A noisy measurement of the dice value which has a 1/3 chance of being 1 too high and 1/3 chance of being 1 too low also provides almost all information: this is not surprising, since only values of 3, 4, 17 or 18 will be uncertain.
Finally, modulo provides a lot of information depending on the modulo value.
Any value above 17 provides complete information (which should be clear if you think about it).
Intermediate values provide an intermediate value of information.
9 is an interesting local optimum which provides more value than learning the value mod 8 or mod 10.
Let's look into it with the explain=True
kwarg:
dice_mutual_information(outcome_is_extreme, lambda n: {n%9: 1.0}, explain=True)
Here, 5/9 values (cumulative probability 0.5) completely rule out any extreme value. The other values (0 to 4) slightly increase the probability of a value being extreme, but overall the information gain works out to be large.
Scenario 3: multi-stage tests¶
We will still try to determine whether a value is "extreme". However, instead of doing a single test, we will now perform a series of tests, represented by tuple values in code.
print(f"Entropy of extreme outcome: {dice_mutual_information(outcome_is_extreme, outcome_is_extreme):.3g} bits")
print()
print(f"MI of even/odd AND ≤10: {dice_mutual_information(outcome_is_extreme, lambda n: {(n <= 10, is_even(n)): 1.0}):.3g} bits")
print(f"MI of n%5 and n%6: {dice_mutual_information(outcome_is_extreme, lambda n: {(n%5, n%6): 1.0}):.3g} bits")
print(f"MI of n%3 and random ±1: {dice_mutual_information(outcome_is_extreme, lambda n: {(n%3, k): v for k, v in random_plus_minus_1(n).items()}):.3g} bits")
All of these cases show that information is non-additive. The most obvious case is learning even/odd and ≤10.
Independently these both give ZERO information (shown in the previous subsection).
However, together they provide a small amount of information.
This is just because of the relative ratios of different outcomes changes.
To give an example, if the outcome False, False
is observed,
the only extreme value is 19, whereas the non-extreme values are 11, 13, 15, 17.
The ratio of extreme values changes from 3/10 to 1/5, thereby providing an information gain.
The full table of outcomes is below.
dice_mutual_information(outcome_is_extreme, lambda n: {(n <= 10, is_even(n)): 1.0}, explain=True)

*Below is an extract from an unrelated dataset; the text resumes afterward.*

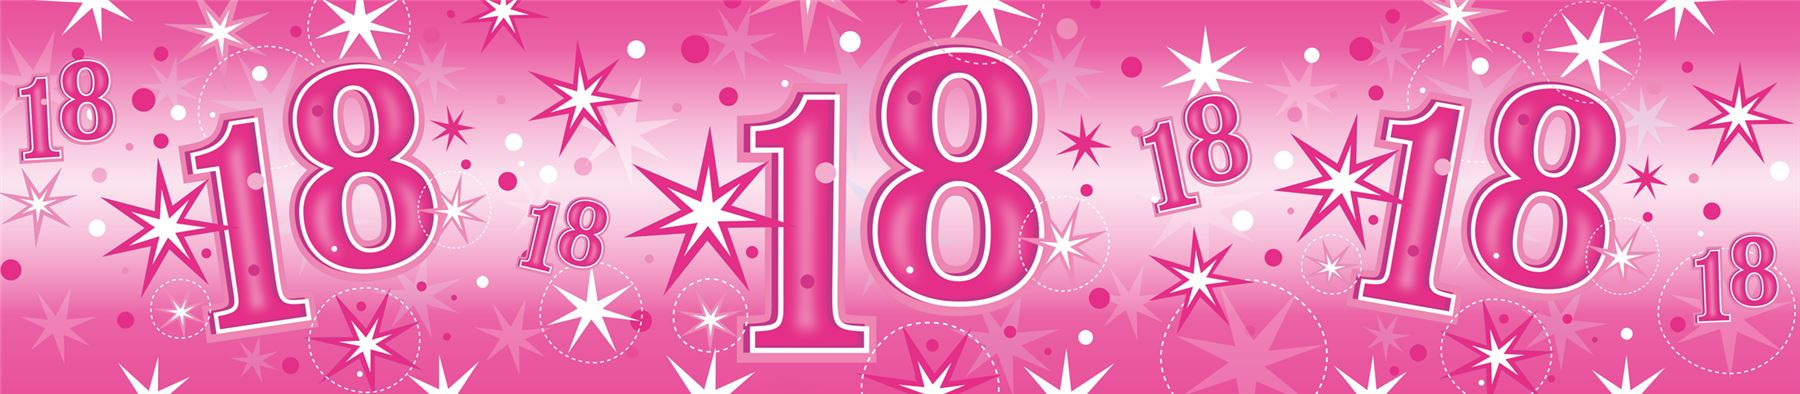 Happy 18th Birthday Decorations
 Pink Age 18 Happy 18th Birthday Party Decorations Girls

The last two examples show non-additivity. Firstly, even though learning n%5 and n%6 provides only 0.0323 bits and 0.206 bits respectively, when observed together the number can be completely deduced. This is because all numbers in 1 to 20 have a unique (n%5, n%6) tuple. Similarly, even though n%3 provides only 0.00162 bits, when combined with the noisy ±1 measurement it completely disambiguates the "boundary" measurements of 3, 4, 17, and 18.
Conclusion¶
This is the end of the tutorial, but please do play around with the notebook and write your own functions!